- Task goal: Starting at the line that holds "Clocher de rouget" and stopping at the line that holds "LEIA - Black Bodycon Mini Dress", restate the records below word for word, with both of those lines included.

- Data for review:
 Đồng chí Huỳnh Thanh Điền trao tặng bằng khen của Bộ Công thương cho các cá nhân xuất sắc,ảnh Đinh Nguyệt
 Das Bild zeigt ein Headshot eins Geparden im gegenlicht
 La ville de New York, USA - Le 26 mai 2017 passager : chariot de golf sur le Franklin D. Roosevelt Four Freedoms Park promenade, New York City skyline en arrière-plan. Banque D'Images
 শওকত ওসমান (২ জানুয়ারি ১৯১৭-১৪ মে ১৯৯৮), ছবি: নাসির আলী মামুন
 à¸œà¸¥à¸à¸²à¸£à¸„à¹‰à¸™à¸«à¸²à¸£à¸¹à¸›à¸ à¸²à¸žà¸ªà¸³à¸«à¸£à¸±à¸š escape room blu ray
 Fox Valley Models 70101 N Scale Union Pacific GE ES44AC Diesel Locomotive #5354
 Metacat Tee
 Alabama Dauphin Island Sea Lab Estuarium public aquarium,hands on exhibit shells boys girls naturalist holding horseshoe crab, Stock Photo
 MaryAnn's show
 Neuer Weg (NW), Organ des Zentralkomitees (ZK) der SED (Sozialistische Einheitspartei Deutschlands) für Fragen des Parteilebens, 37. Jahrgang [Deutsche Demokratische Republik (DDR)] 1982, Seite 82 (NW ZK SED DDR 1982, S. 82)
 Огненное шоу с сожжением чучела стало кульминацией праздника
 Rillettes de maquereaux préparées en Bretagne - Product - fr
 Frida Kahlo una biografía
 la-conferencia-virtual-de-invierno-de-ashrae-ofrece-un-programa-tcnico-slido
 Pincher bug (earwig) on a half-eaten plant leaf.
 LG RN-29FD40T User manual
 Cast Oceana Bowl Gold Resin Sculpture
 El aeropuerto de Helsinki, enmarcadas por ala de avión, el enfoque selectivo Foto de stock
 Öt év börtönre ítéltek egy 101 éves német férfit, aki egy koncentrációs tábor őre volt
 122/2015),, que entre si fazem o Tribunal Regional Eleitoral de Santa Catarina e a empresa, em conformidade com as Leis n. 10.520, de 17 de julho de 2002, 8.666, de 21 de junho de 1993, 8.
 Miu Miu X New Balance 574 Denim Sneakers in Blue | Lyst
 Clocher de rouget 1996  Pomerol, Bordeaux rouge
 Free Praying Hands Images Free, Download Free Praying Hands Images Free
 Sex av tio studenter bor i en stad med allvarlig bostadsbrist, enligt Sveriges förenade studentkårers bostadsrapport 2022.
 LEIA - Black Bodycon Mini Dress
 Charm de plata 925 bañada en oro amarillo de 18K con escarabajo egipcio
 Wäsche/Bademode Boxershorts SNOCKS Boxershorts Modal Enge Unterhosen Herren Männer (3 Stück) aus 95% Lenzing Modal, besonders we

- Task answer:
 Clocher de rouget 1996  Pomerol, Bordeaux rouge
 Free Praying Hands Images Free, Download Free Praying Hands Images Free
 Sex av tio studenter bor i en stad med allvarlig bostadsbrist, enligt Sveriges förenade studentkårers bostadsrapport 2022.
 LEIA - Black Bodycon Mini Dress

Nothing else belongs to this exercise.